_Material provided_

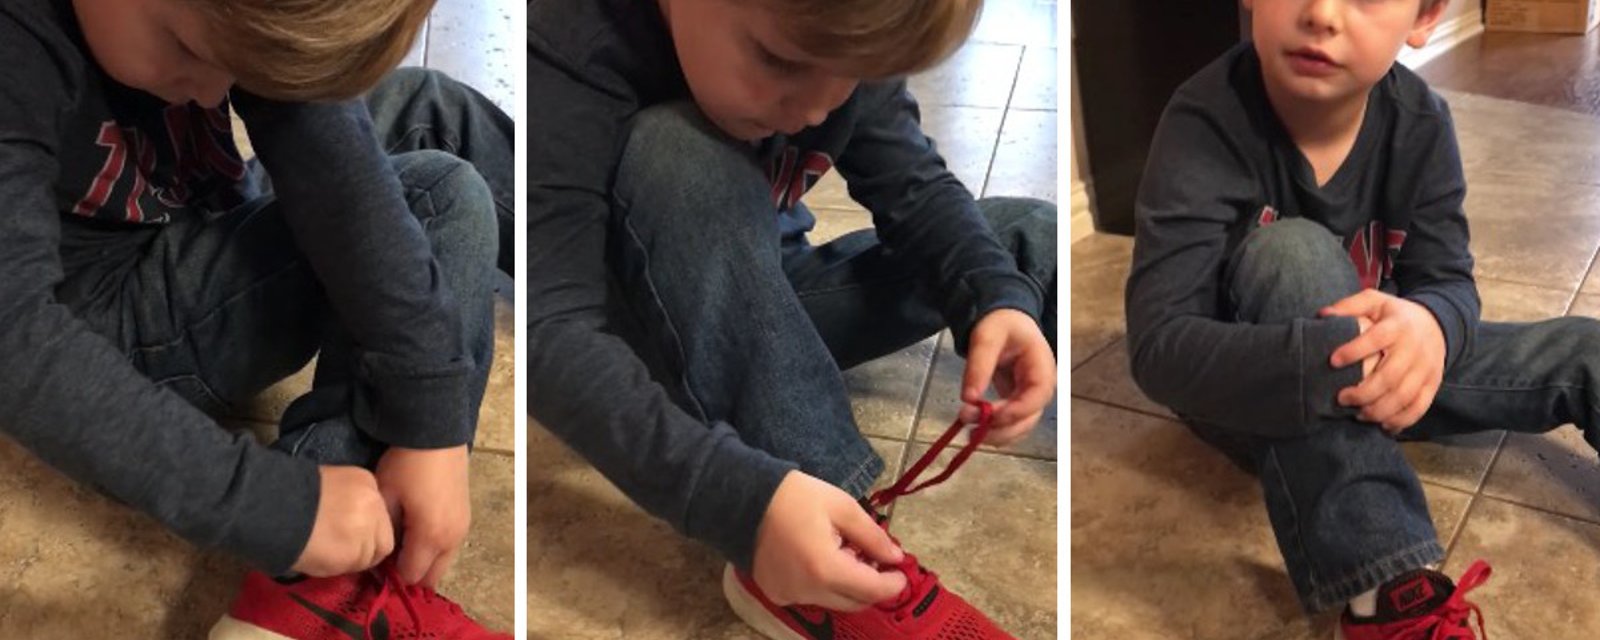 Un petit bonhomme de 5 ans rend les chaussures super faciles à attacher, d'une adorable façon! 
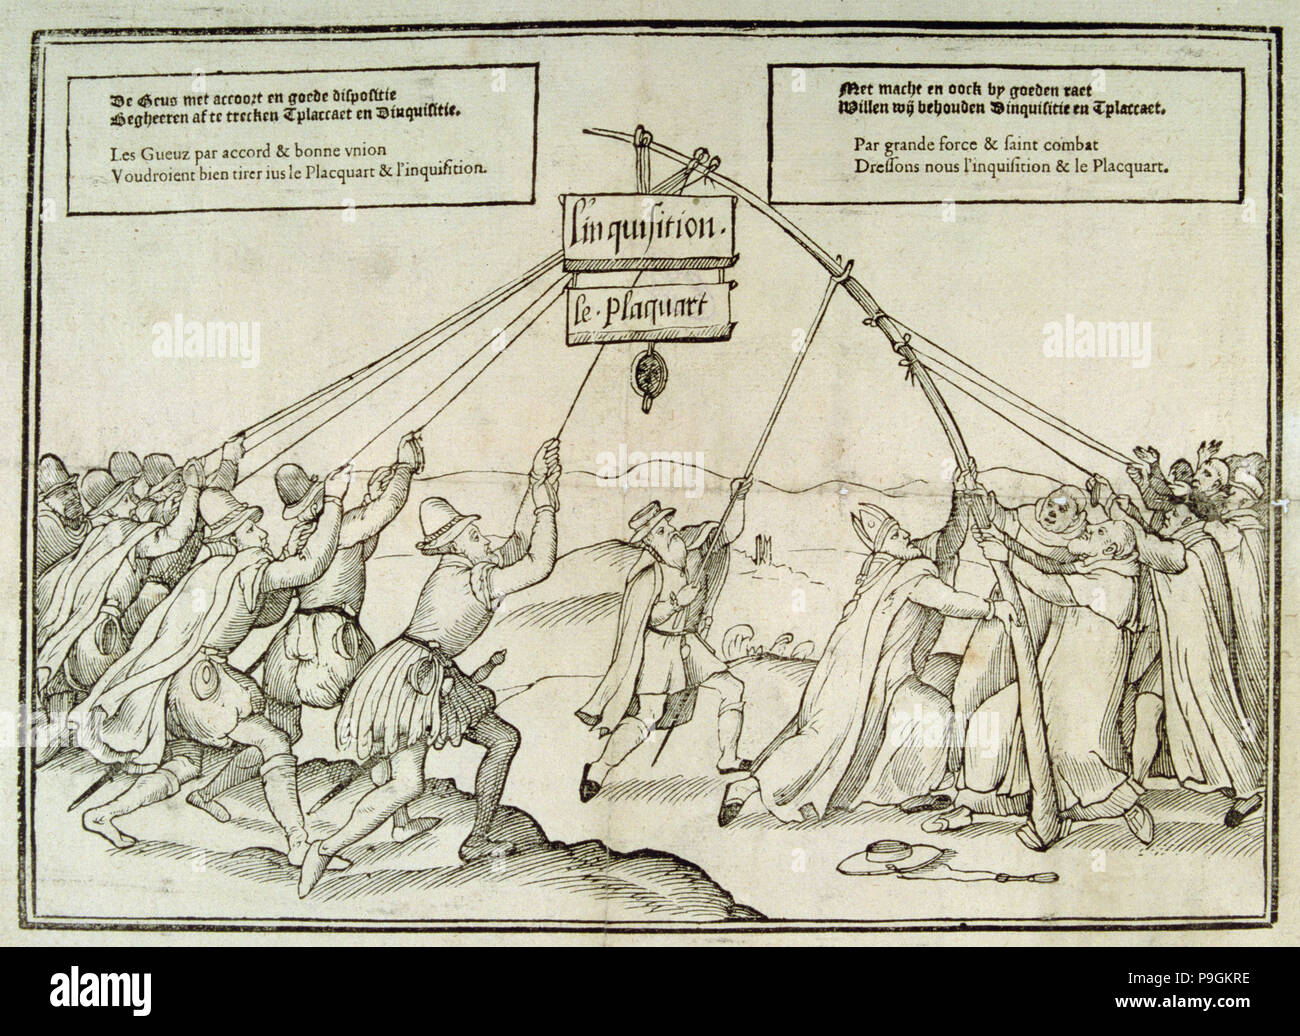 Olandese incisione satirico sull'Inquisizione. Foto Stock
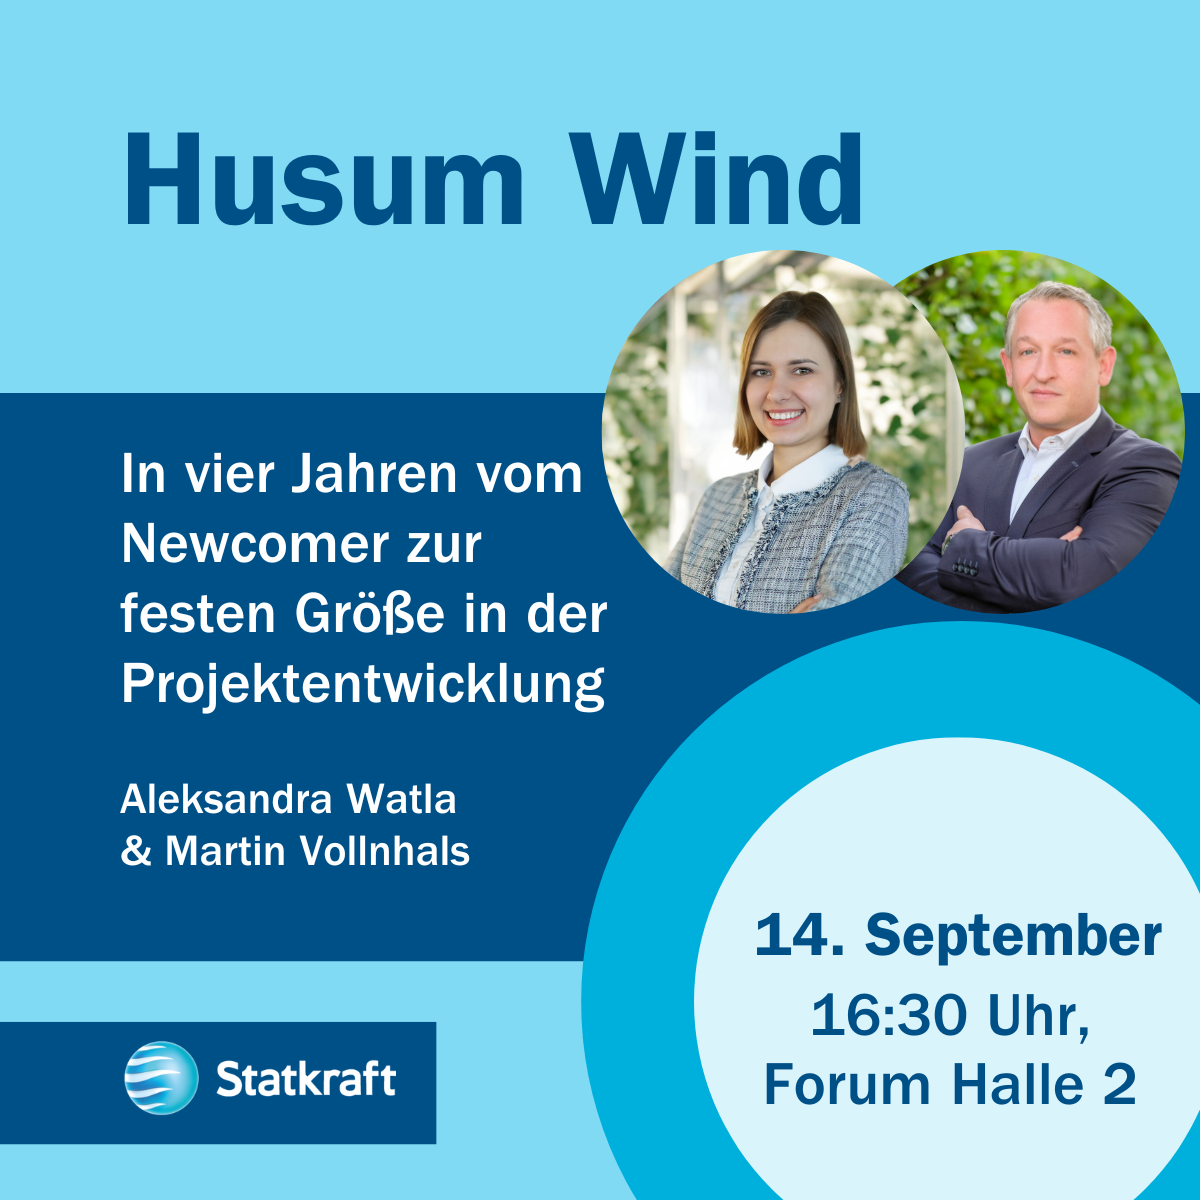 Aleksandra Watla und Martin Vollnhals halten einen Vortrag am Donnerstag 16.30 in Halle 2 
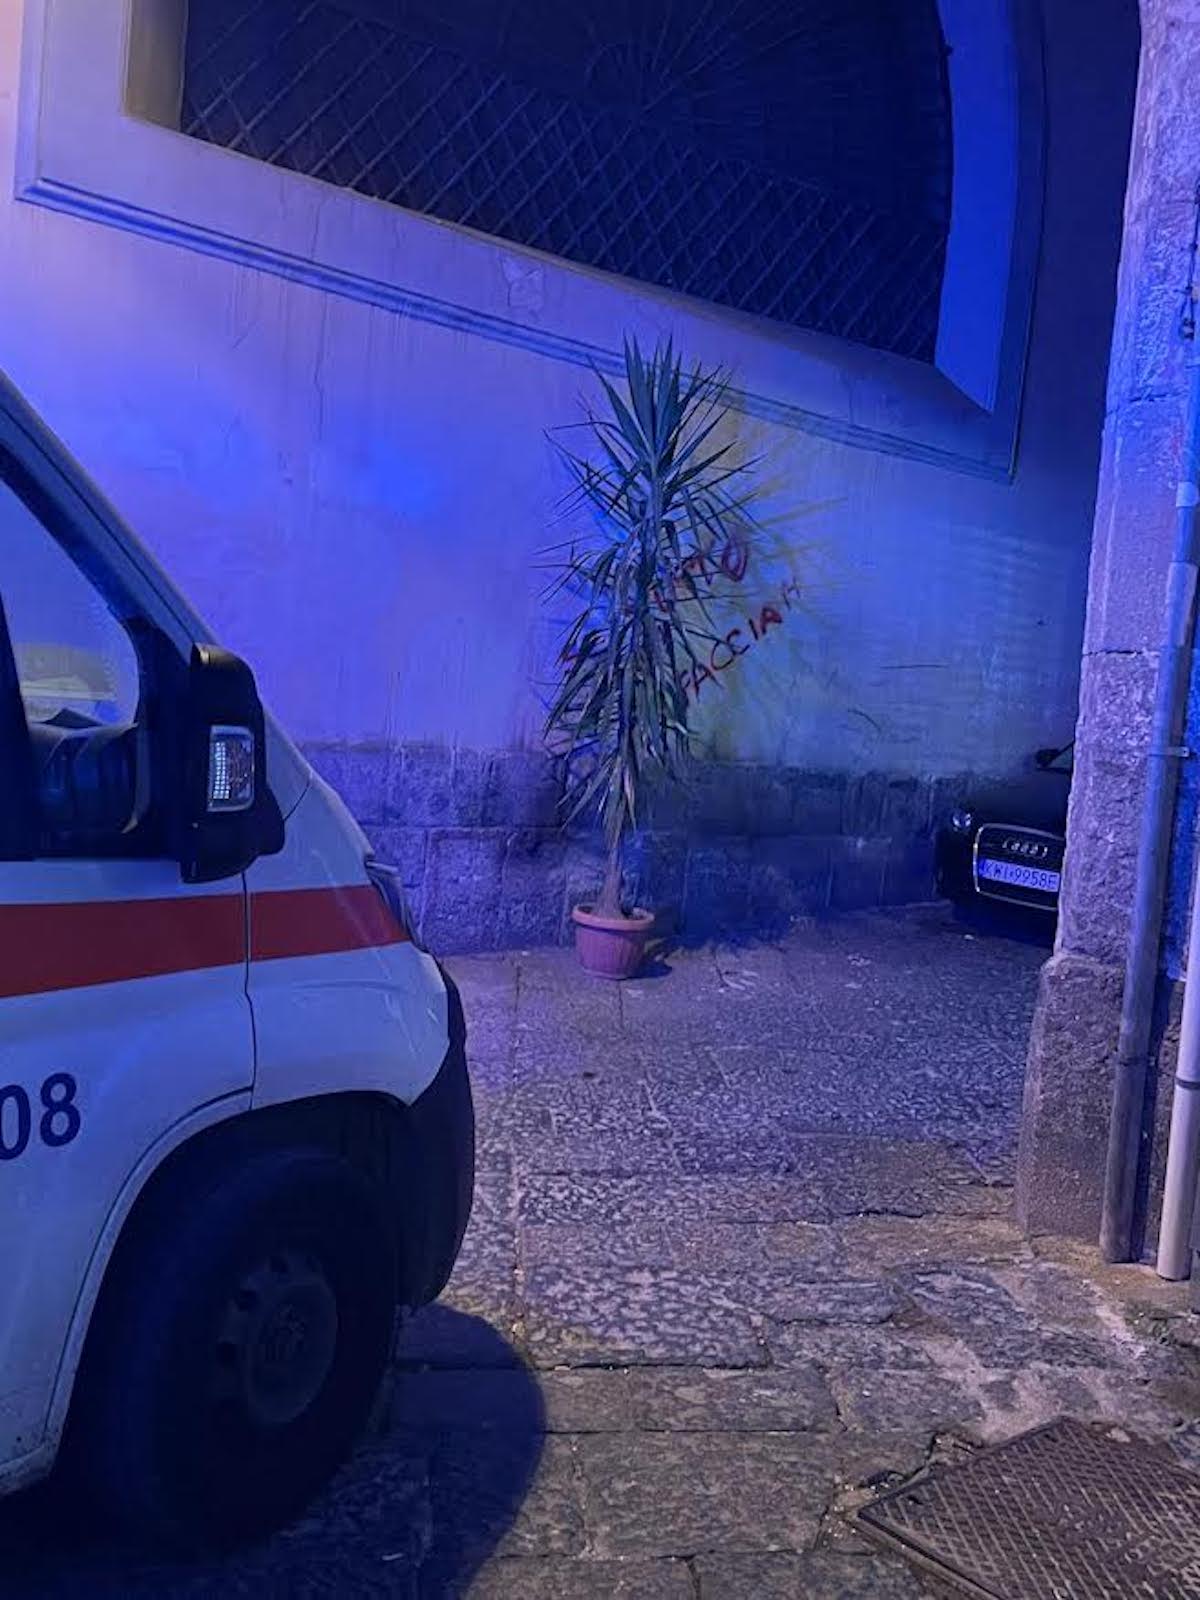 Napoli: ambulanza bloccata da auto in sosta selvaggia nel centro storico

_Work instructions_
Reproduce every line above as written, skipping pictures.

_Task response_
 Un petit bonhomme de 5 ans rend les chaussures super faciles à attacher, d'une adorable façon! 
 Olandese incisione satirico sull'Inquisizione. Foto Stock
 Aleksandra Watla und Martin Vollnhals halten einen Vortrag am Donnerstag 16.30 in Halle 2 
 Napoli: ambulanza bloccata da auto in sosta selvaggia nel centro storico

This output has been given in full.